Any addition of autism to the VICP Injury Table would raise additional issues for which the program is simply not designed. Most notably, the entries on the Injury Table for other medical conditions include very brief onset periods that support a diagnosis of the injury within hours, or at most days, of the vaccination. For example, an encephalopathy, such as in Poling’s case, must be evident within as little as 72 hours and at most 15 days, depending on the vaccine at issue. But, except in very rare cases, autism develops much more slowly and subtly. As the American Academy of Pediatrics has explained, although symptoms are “neurologically based, they manifest as behavioral characteristics that present differently depending on age, language level, and cognitive abilities.” Indeed, such symptoms often do not manifest until the child begins to attend school.
Without such medically supportable limits in the Injury Table, the huge number of autism claims would undoubtedly bankrupt the VICP. Unlike some other programs funded by the federal treasury, Congress has provided that any claim filed against the VICP may only be paid out of the VICP Trust Fund, whose sole source of income is a $0.75 excise tax per vaccine dose. The taxes on the approximately 300 million annual vaccinations produce about $250 million each year. The total paid out by the Fund has likewise ranged between $200 and $250 million a year, so the Fund has balanced nicely.
By contrast, the estimated backlog of $100 billion for the initial docket of three years of profound autism claims—or even just the estimated $32 billion of claims each year—would quickly exhaust the $4 billion balance that has been accumulated by the Fund over the past 40 years and obviously outrun the $250 million in annual excise tax revenues.
What would that insolvency of the VICP mean to the relatively few companies currently producing childhood vaccines? As noted, the National Vaccine Injury Act was passed primarily because manufacturers warned Congress that they would promptly exit the unprofitable market for childhood vaccines unless Congress provided relief from unbridled state tort liability.

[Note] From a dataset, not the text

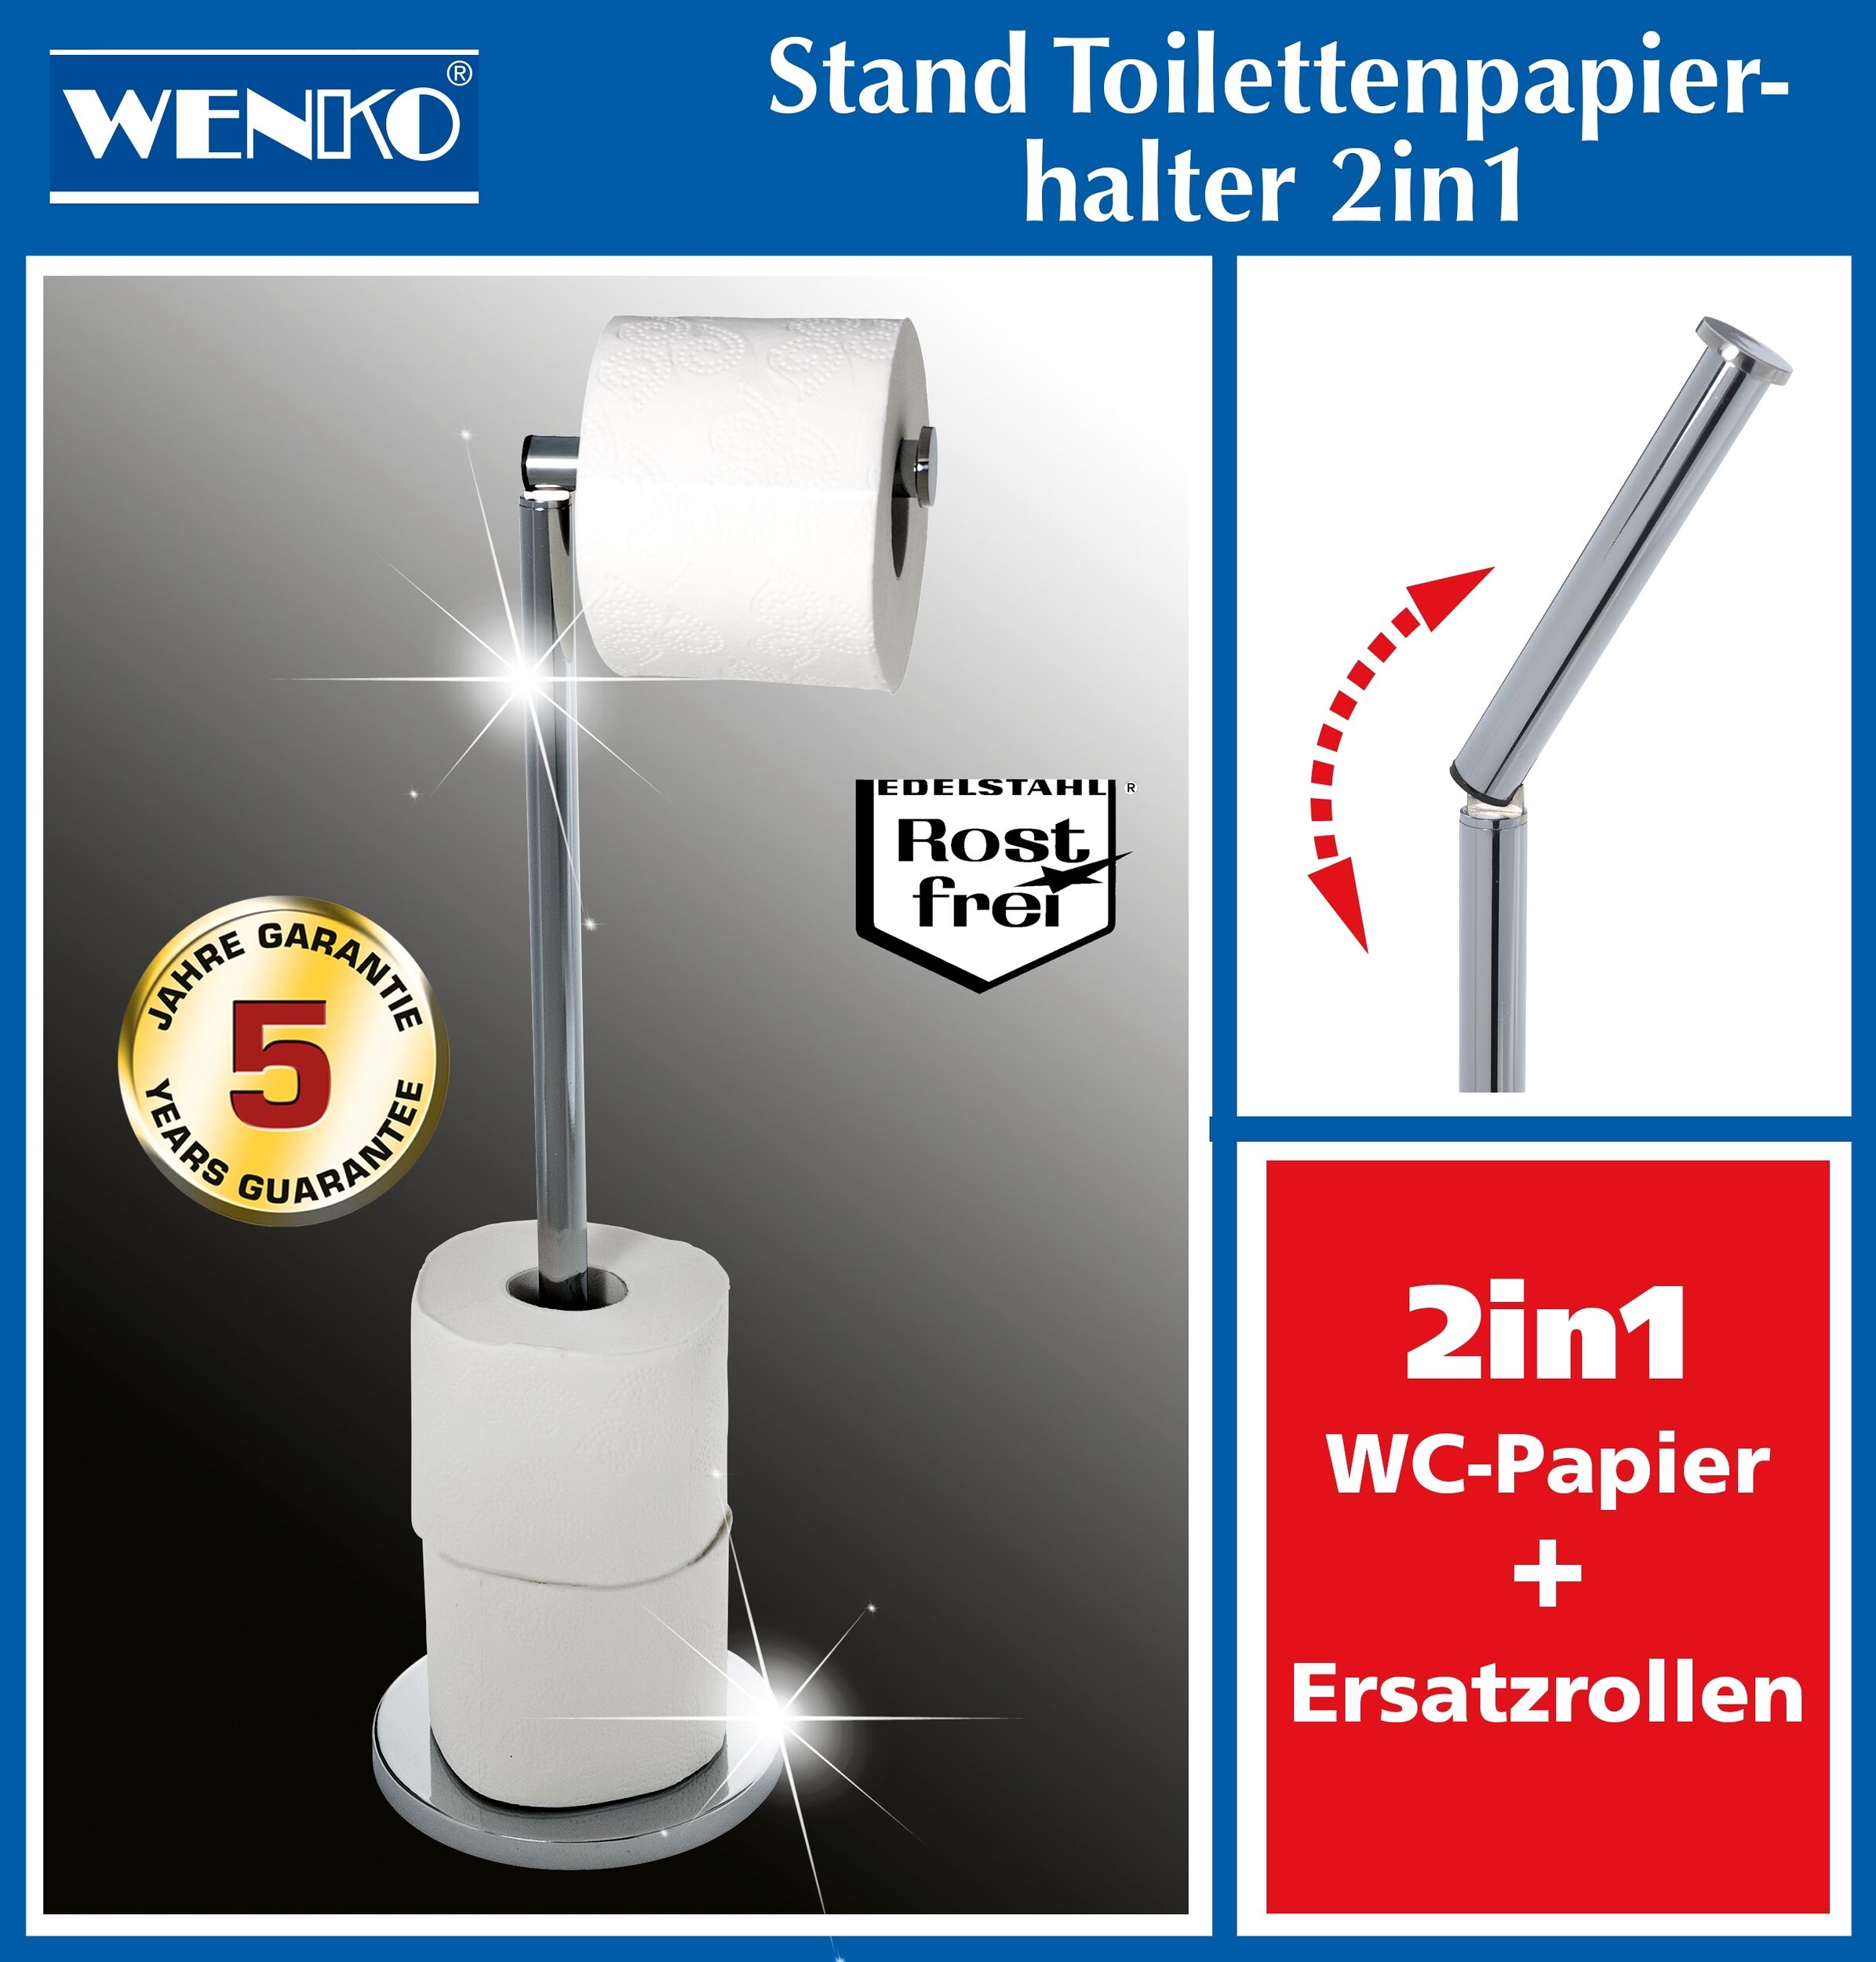 Stand Maximex Ersatzrollen Toilettenpapierhalter, bis zu 4 Edelstahl, platzsparend, für 2in1
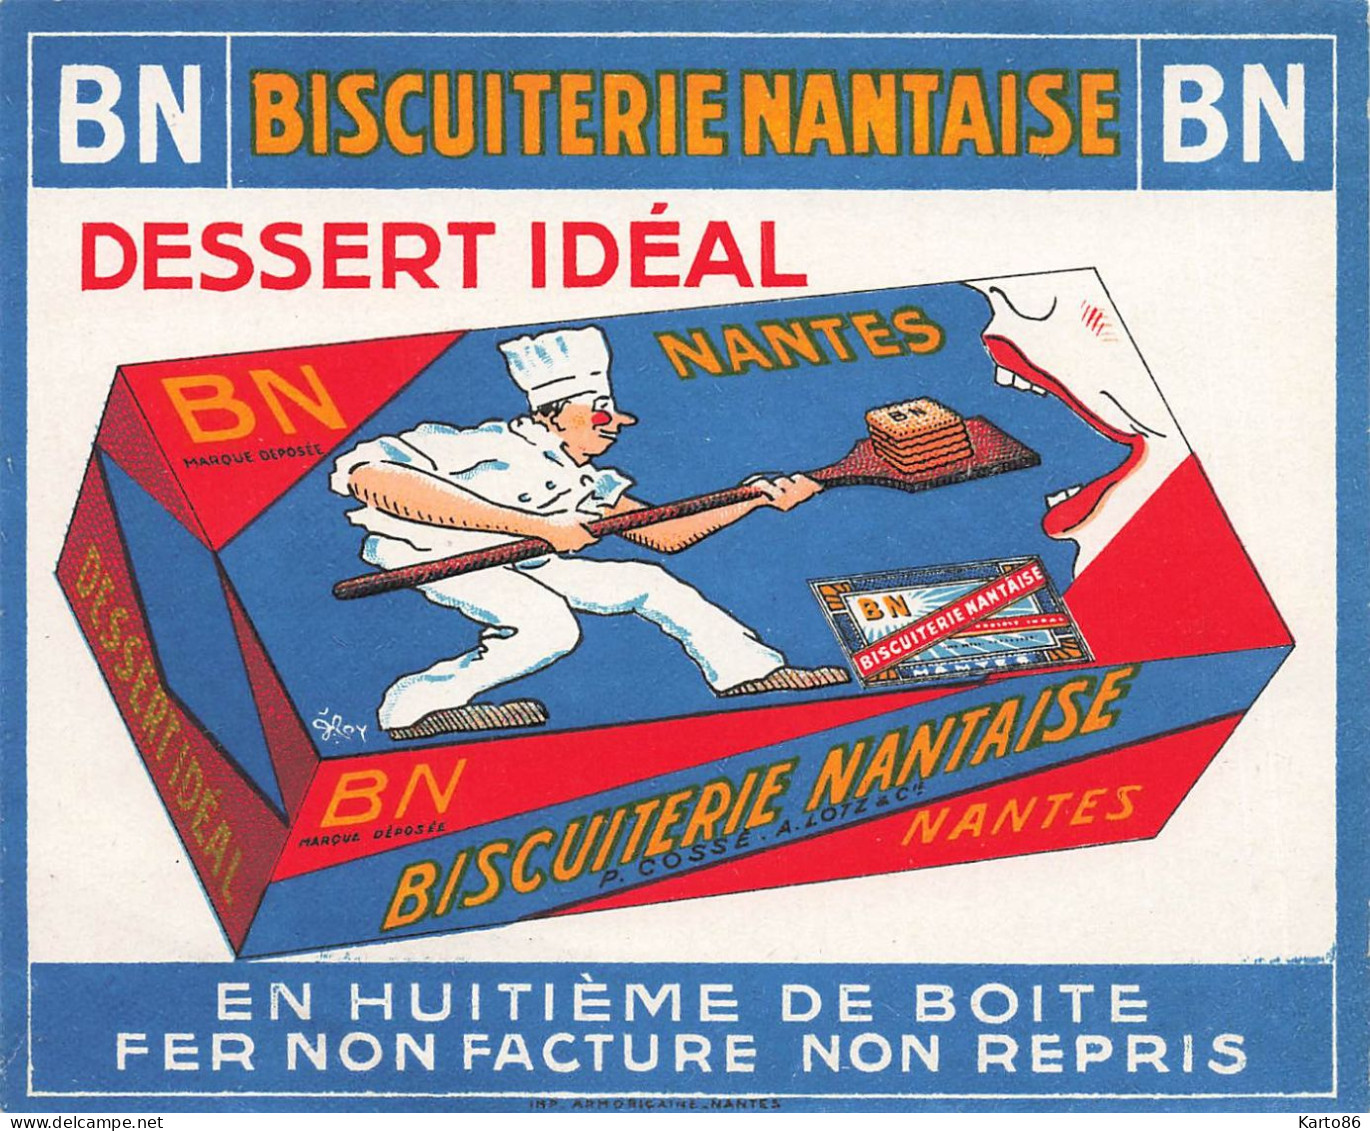 Nantes * Biscuiterie Nantaise BN Biscuits * Usine Industrie * Image Doc Publicitaire Ancien Illustré * 12x10cm - Nantes

Those economics have not changed since. Put simply, while a pharmaceutical firm may be willing to run some litigation risk when it can charge $500 a month for a drug that patients will take for years, they are unlikely to continue to provide childhood vaccines, for which they can only charge $20 or $30 for the one or two shots that will protect a recipient for a lifetime. And, if they did, the risk they would confront would not be the one to two per million children affected by the injuries currently on the VICP Injury Table, but rather the general prevalence of one per 200 children who develop profound autism—without any regard to any effect of any vaccine at all.
In short, if Kennedy and his CDC officially declare that vaccines cause autism, it is very likely the VICP will cease to function, and manufacturers will end their production of all childhood vaccines.